▸ ABOUT THIS EXERCISE
Pictures stay out; print the rest of the listing below exactly as it stands.

▸ DATA BLOCK
== == ==

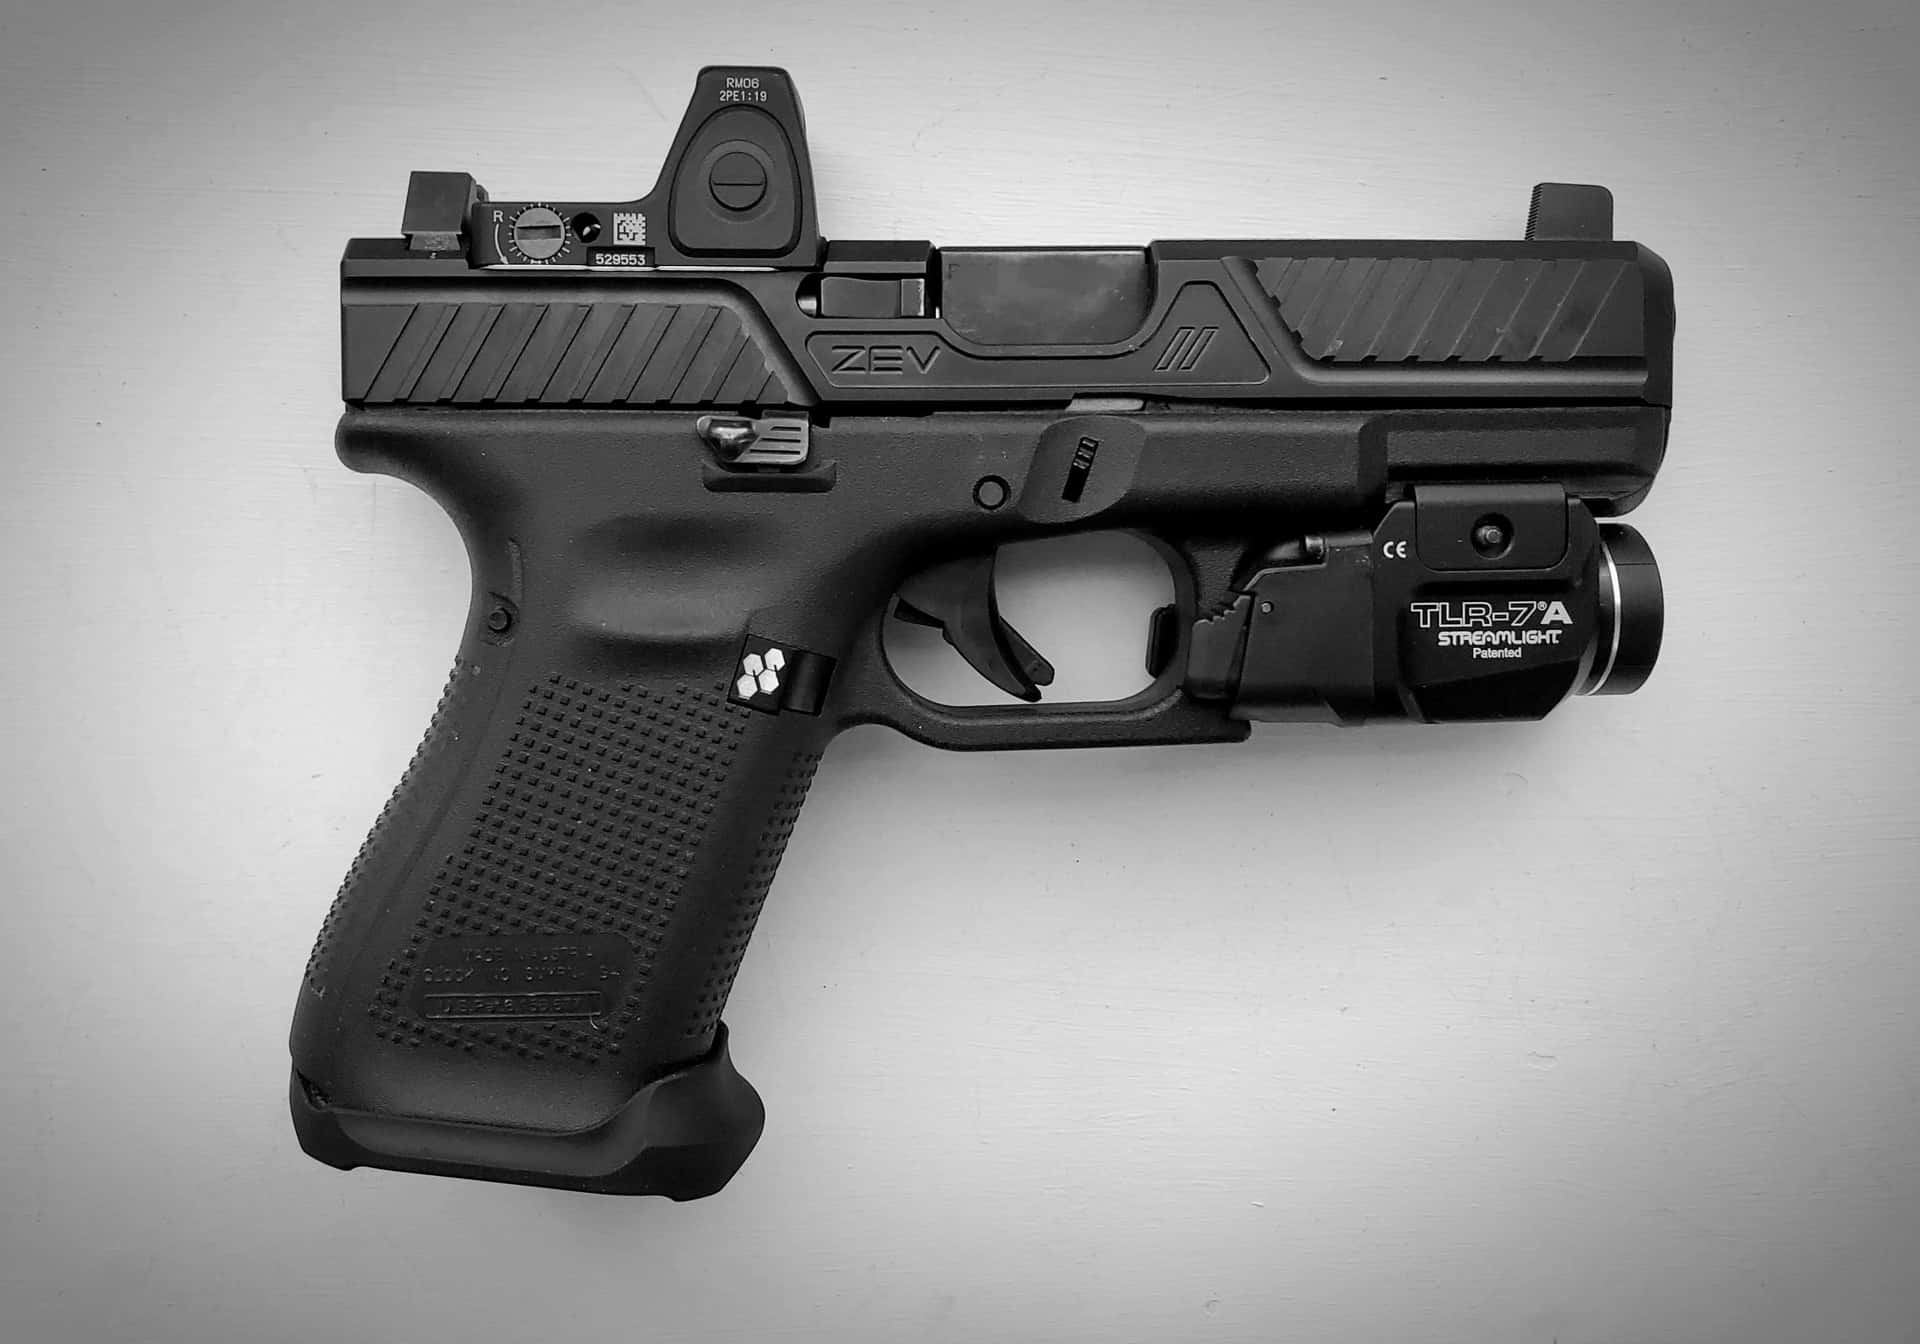 Glock 19 concealed carry handgun
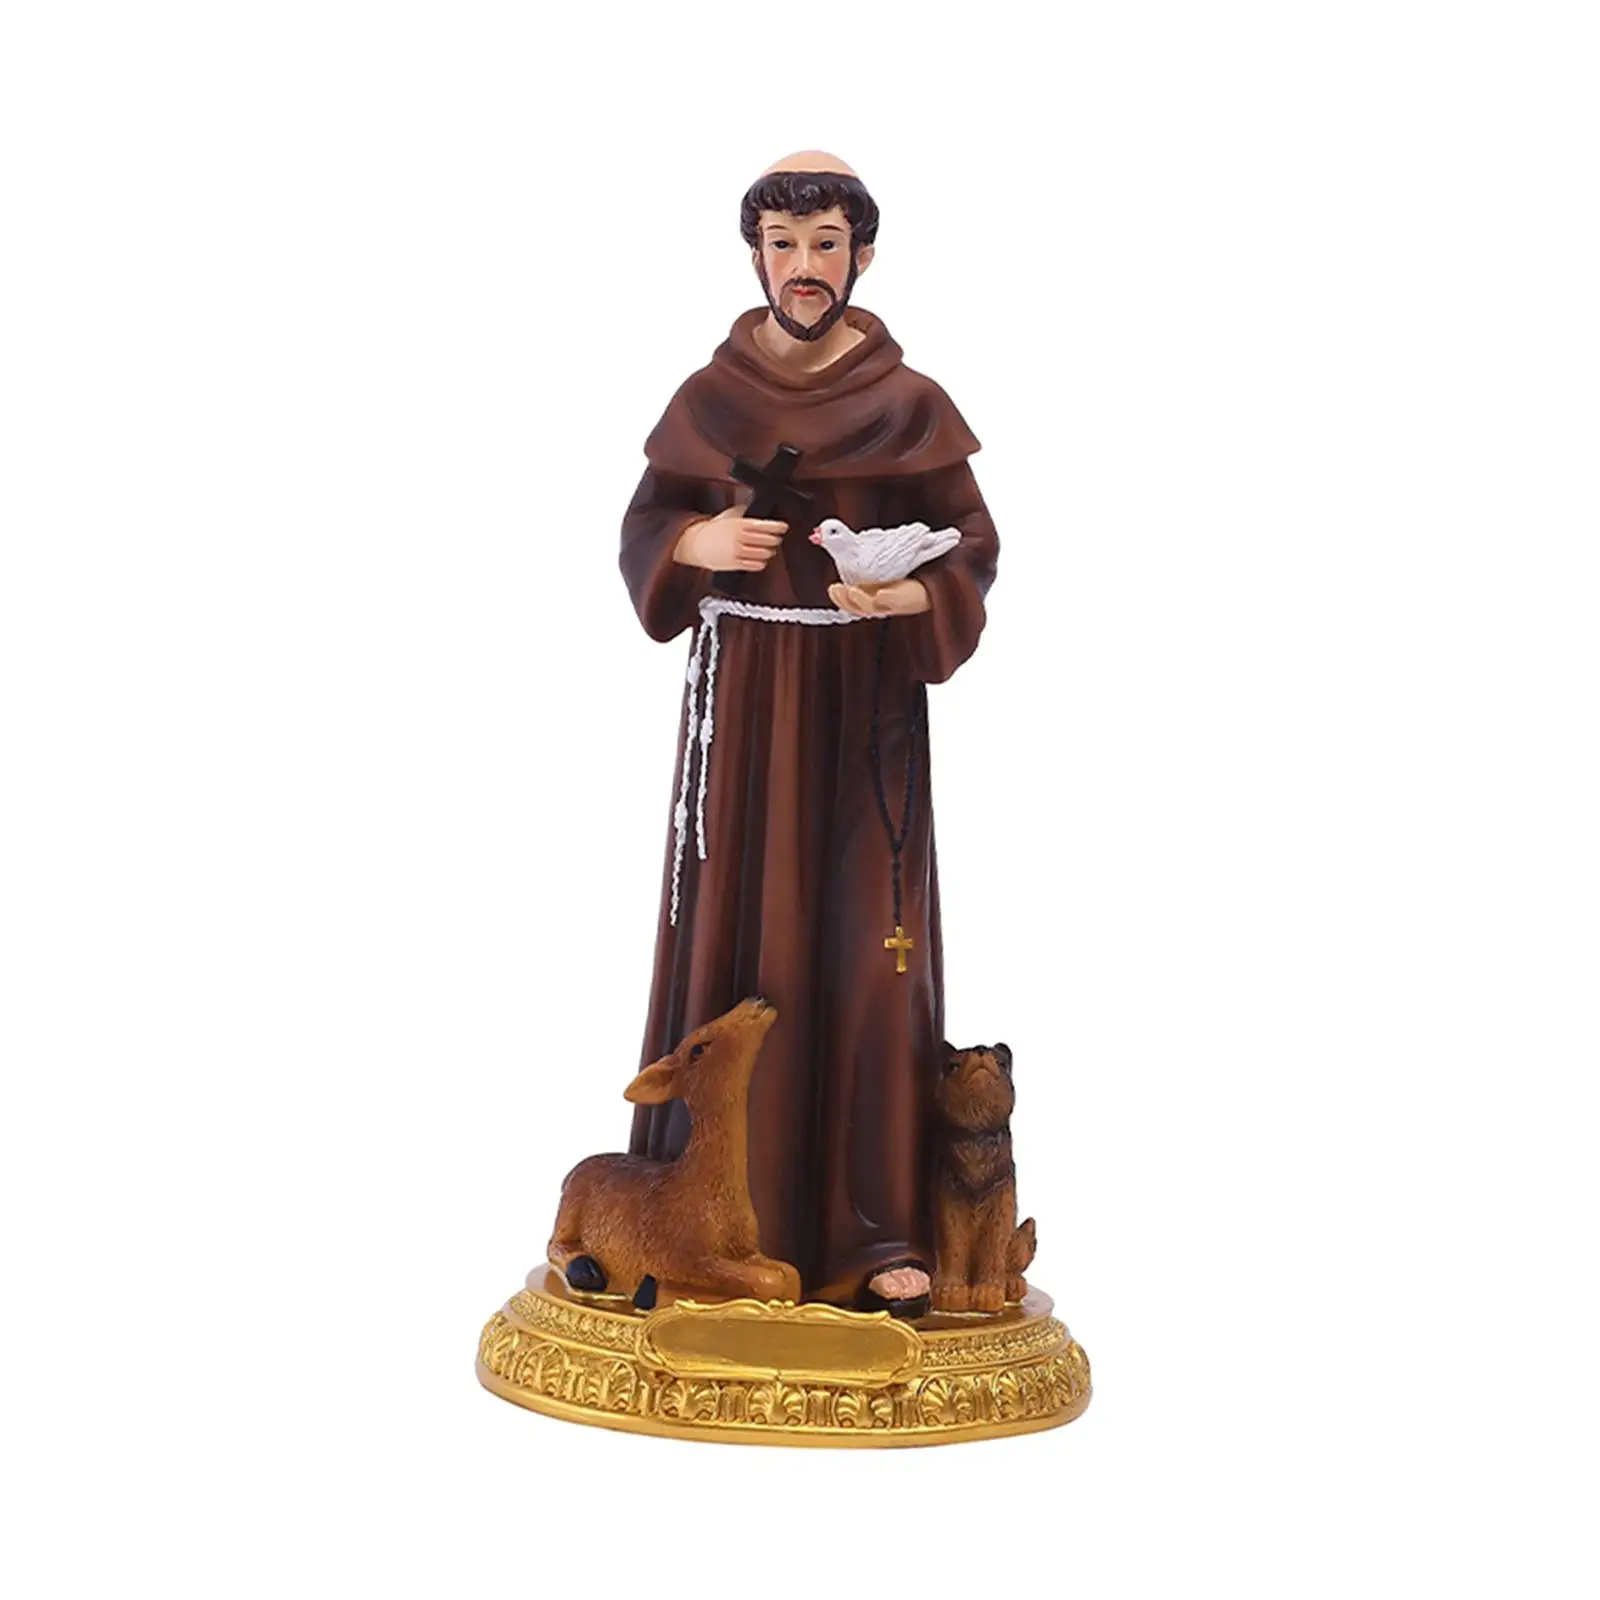 Saint Francis of Assisi Statue Catholic Statues 8.6
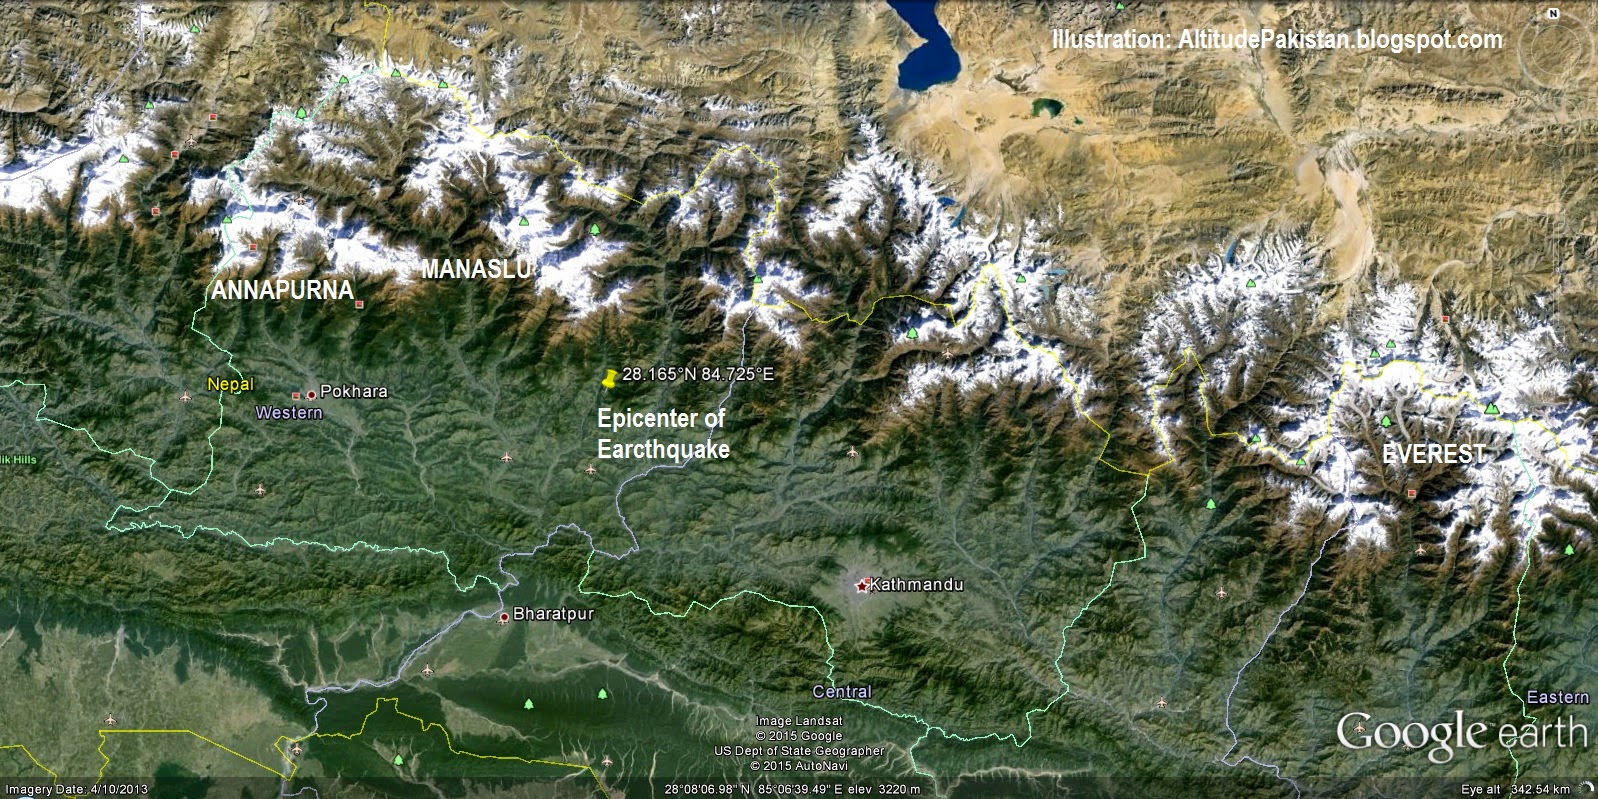 The Earthquake location. 40km Southeast of Manaslu, 210km west of Everest.
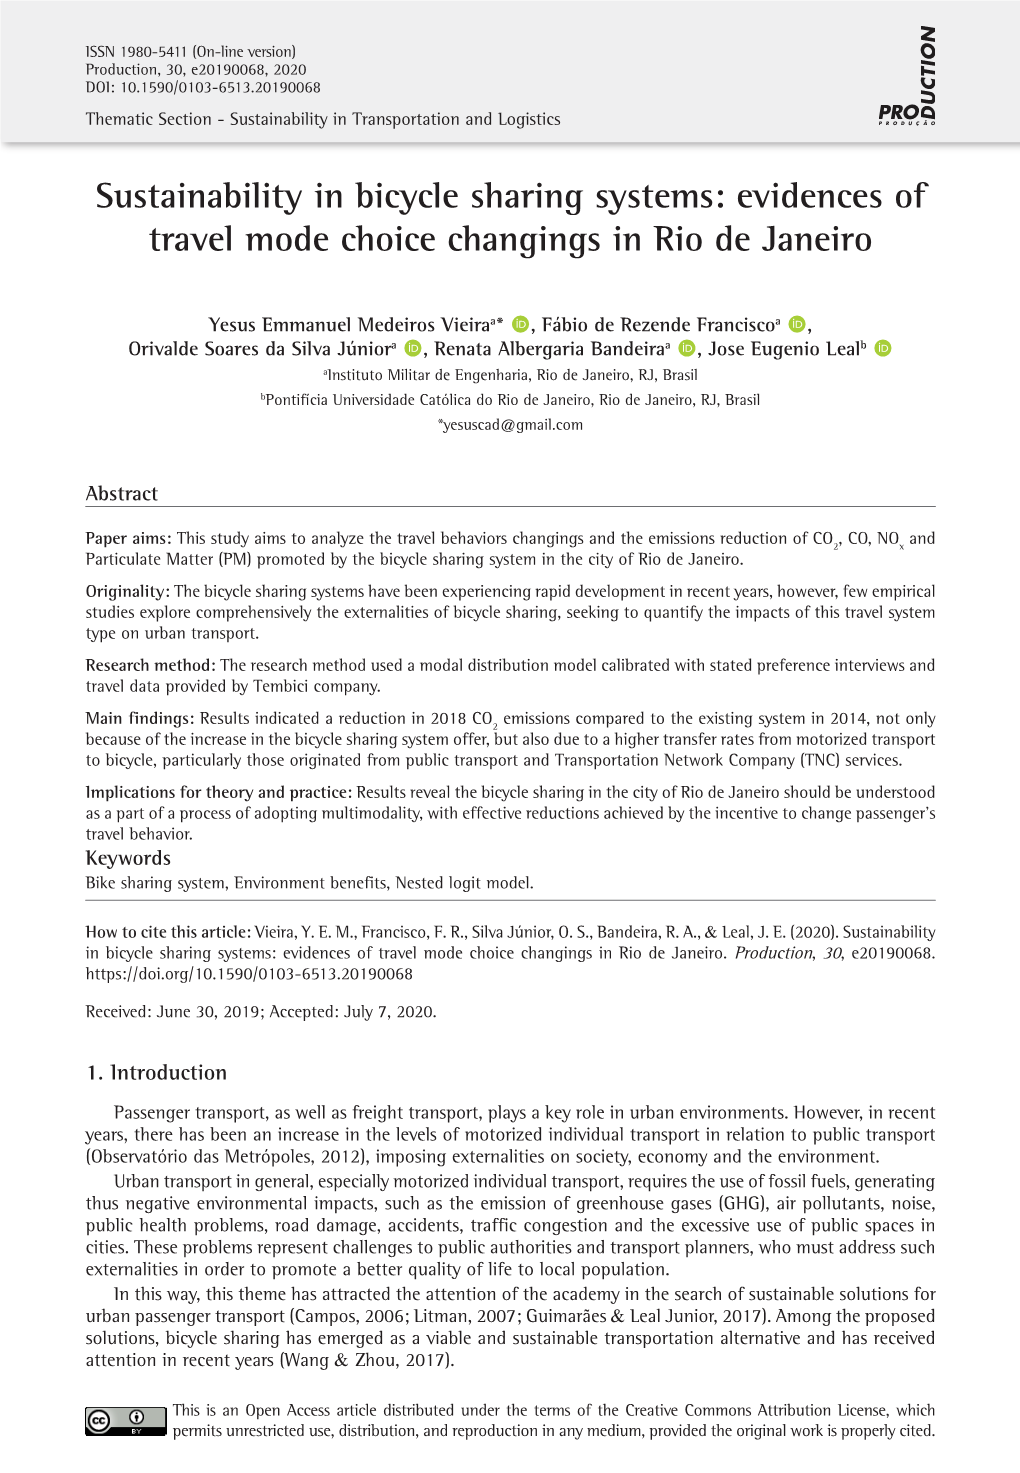 Evidences of Travel Mode Choice Changings in Rio De Janeiro

== == ==

▸ EXPECTED OUTPUT
 Glock 19 concealed carry handgun
 Saint Francis of Assisi Statue Catholic Statues 8.6
 The Earthquake location. 40km Southeast of Manaslu, 210km west of Everest.
 Evidences of Travel Mode Choice Changings in Rio De Janeiro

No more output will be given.